When I do a asetkey list, I see the key and checksum, and can see the new
file /usr/afs/etc/KeyFile.
I then followed the guidance at twiki, specifically:
"Create a user ("joe/admin" in this example) using the appropriate kadmin
utility with your KerberosV distribution. Set a secure password, and note
that setting Kerberos admin rights for this user does not affect his AFS
rights. Please note, that "joe/admin@REALM" is KerberosV notation and
that KerberosIV? is using "joe.admin@REALM". As AFS is based on
KerberosIV?, you should specify "joe.admin@REALM" or just "joe.admin". (I
did this mistake recently and for days was hunting for an explanation,
why while having valid tickets, valid AFS tokens with proper kvno (key
version number as the one in Kerberos KDC) fileserver, ptserver and
bosserver complain about my AFS token being invalid. Yes, I had in
the /usr/(afs|vice)/etc/UserList file "joe/admin@REALM").

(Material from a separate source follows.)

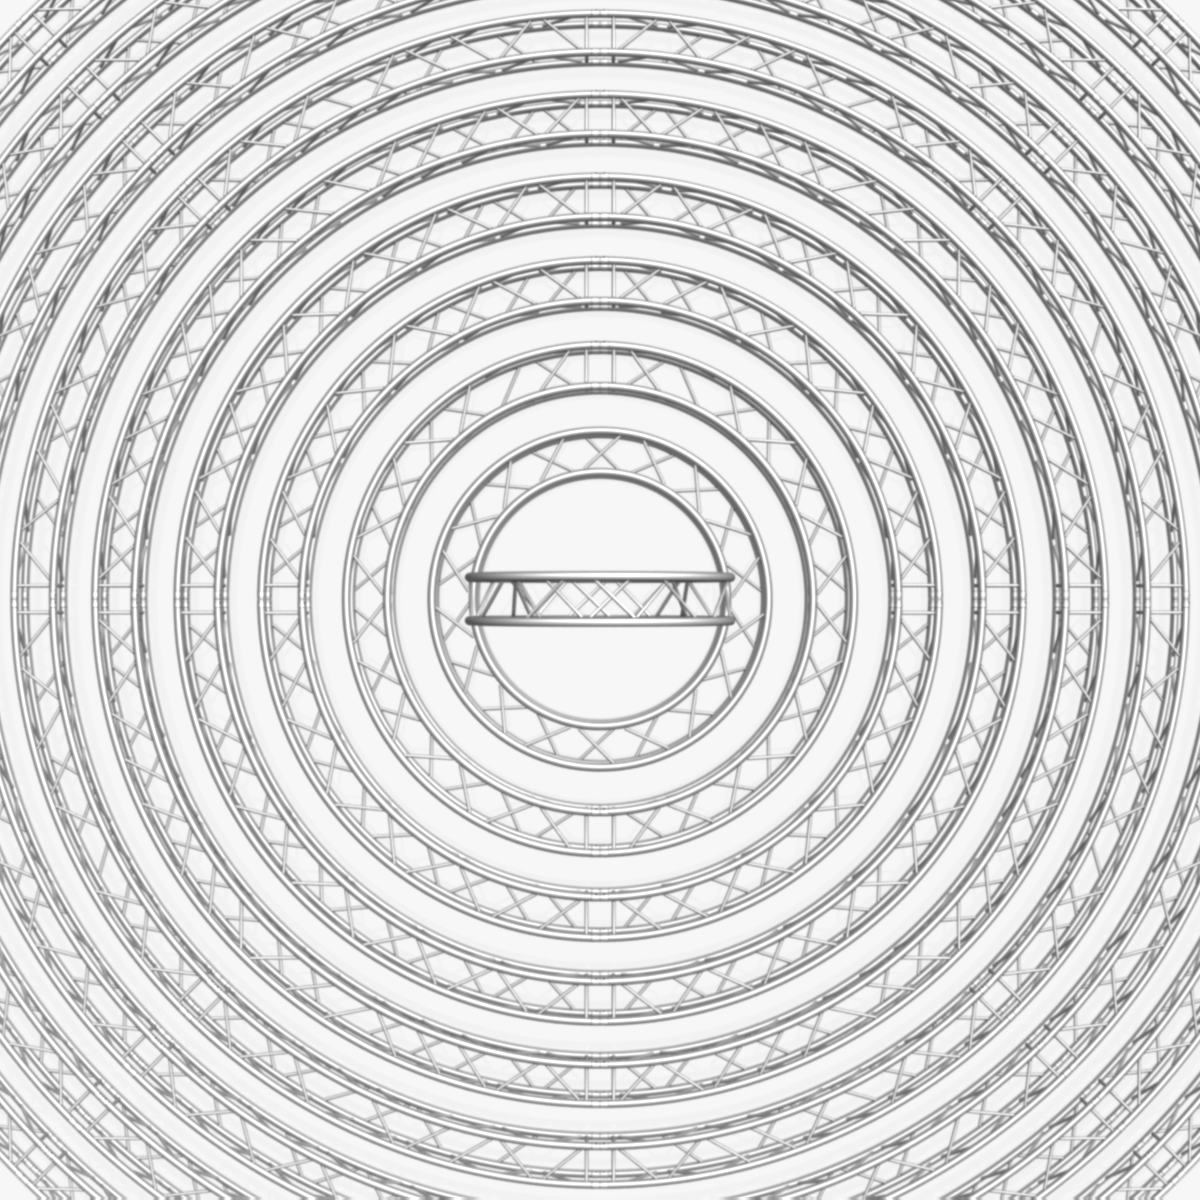 circle square truss modular collection 3d model 3ds max dxf fbx c4d dae  texture obj 252343

In
OpenAFS-1.2.8, you can possibly enable Kerbero5 syntax for usernames (See
this message to openafs-devel)"
I tried with the / for the instance separator and with the .

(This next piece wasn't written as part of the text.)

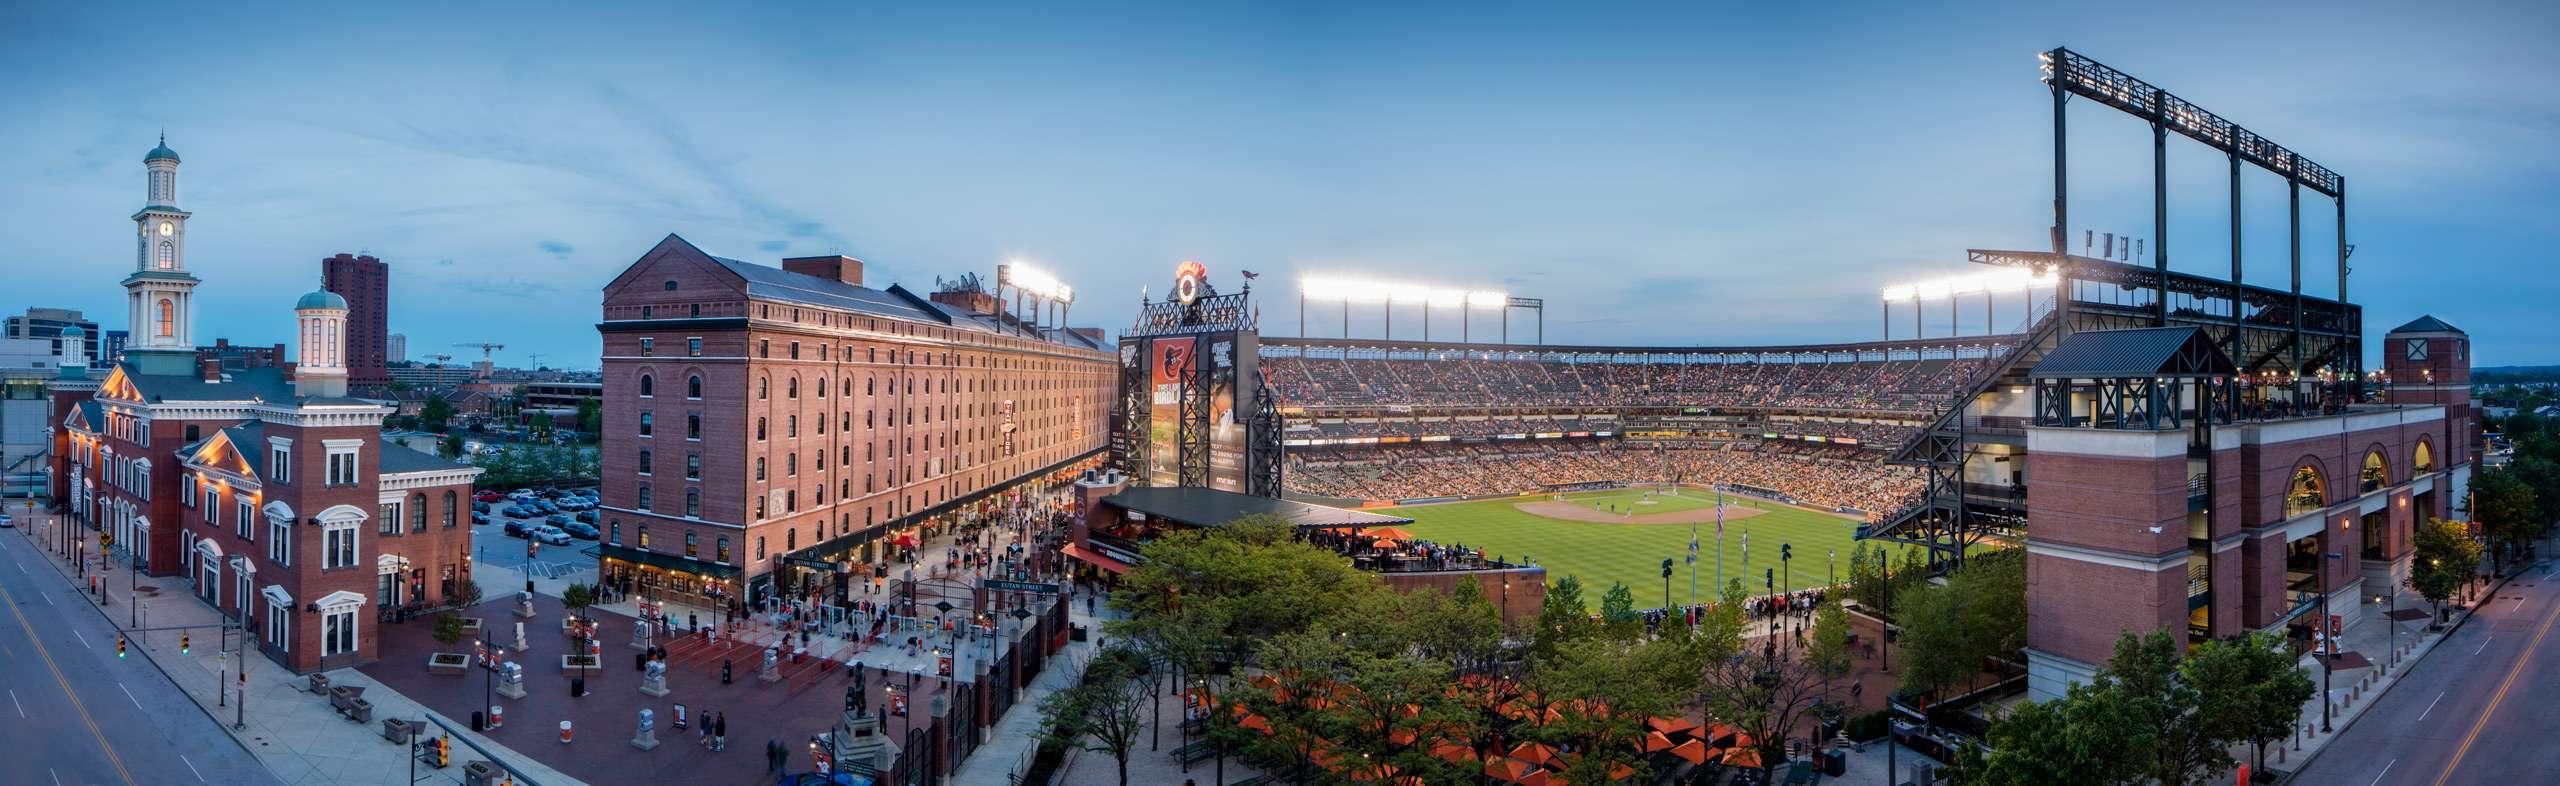 PORTFOLIO - Baltimore - Attractions #29

When I do an aklog -d, it seems to want the joe.admin form, so left it at
that.
then did
pts createuser -name joe.admin -cell greekmythology.com -noauth
pts adduser joe.admin system:administrators -cell -noauth
(with my names of course)
# ./pts membership adam.admin -cell dummy.org -noauth
Groups adam.admin (id: 1) is a member of:
system:administrators
and then
bos restart <machine name> -all -cell <cell name> -noauth
I also followed along in the Quick Start Guide for this part and saw that
it was pretty similar.
So now I authenticate as the admin user (adam/admin in my case), klist
shows the tgt. Then I just run:
# aklog
(I don't need any modifiers/options on the command line?)
That gives me:
aklog: unable to obtain tokens for cell dummy.org (status: 11862791).
So I tried:
# aklog -d
which gives me:
Authenticating to cell dummy.org (server zeus).

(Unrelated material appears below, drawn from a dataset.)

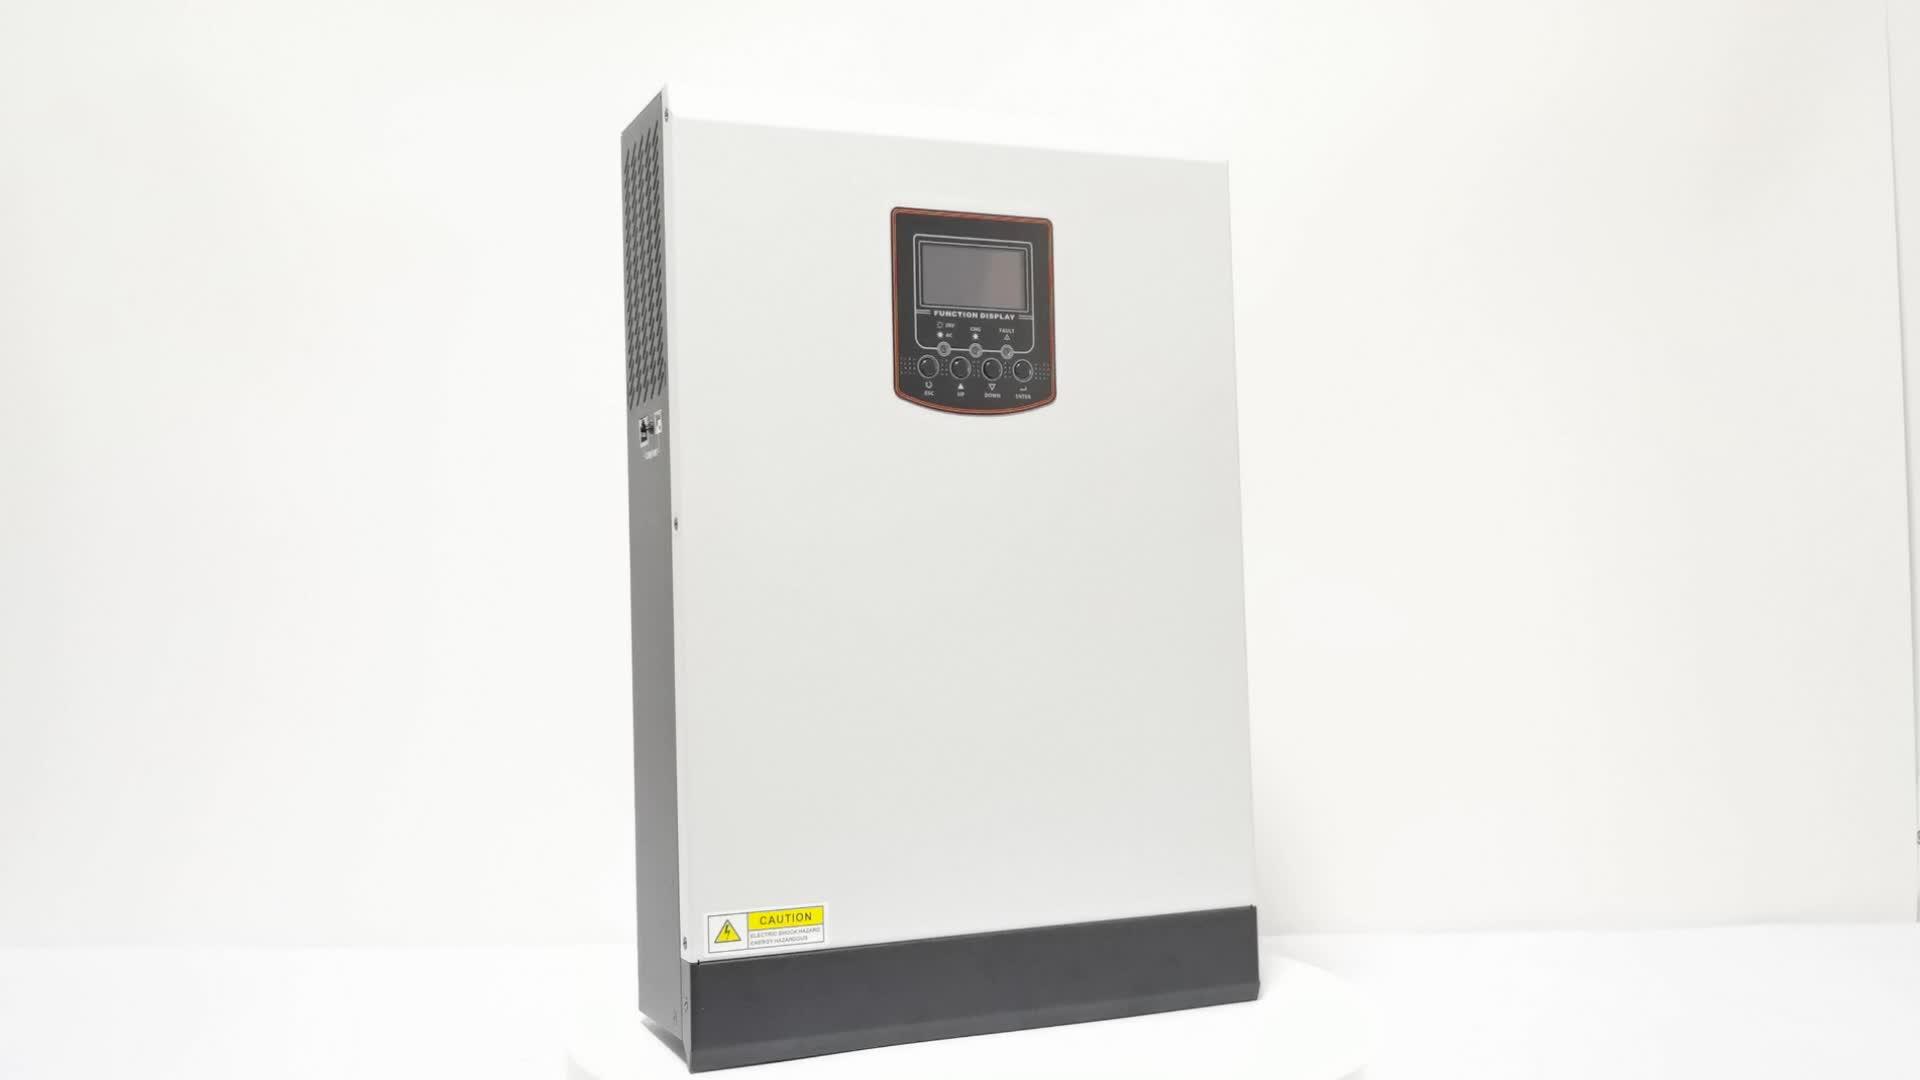 300watt Foldable Panels 300w 500w 1000w 2000w 3000w 5000w

We've deduced that we need to authenticate to realm DUMMY.ORG.
Getting tickets: afs/dummy.org@DUMMY.ORG
About to resolve name adam.admin to id in cell dummy.org.
Id 1
Set username to AFS ID 1
Setting tokens. AFS ID 1 / @ DUMMY.ORG
aklog: unable to obtain tokens for cell dummy.org (status: 11862791).
zeus:/usr/afs/bin #
Now when I do a:
# klist
I see:
zeus:/usr/afs/bin # /usr/local/bin/klist
Ticket cache: FILE:/tmp/krb5cc_0
Default principal: adam/admin@DUMMY.ORG
Valid starting Expires Service principal
02/10/04 00:19:01 02/10/04 10:19:01 krbtgt/DUMMY.ORG@DUMMY.ORG
renew until 02/11/04 00:19:01
02/10/04 00:19:17 02/10/04 10:19:01 afs/dummy.org@DUMMY.ORG
renew until 02/11/04 00:19:01
Kerberos 4 ticket cache: /tmp/tkt0
klist: You have no tickets cached
So I do have the ticket, but I guess it's not getting converted into a
token? Or not getting stored in the kernel? How do I check for the
presence of the token in the kernel?
#lsmod | grep afs
shows
libafs-2.4.21-144-default 444384 0 (unused)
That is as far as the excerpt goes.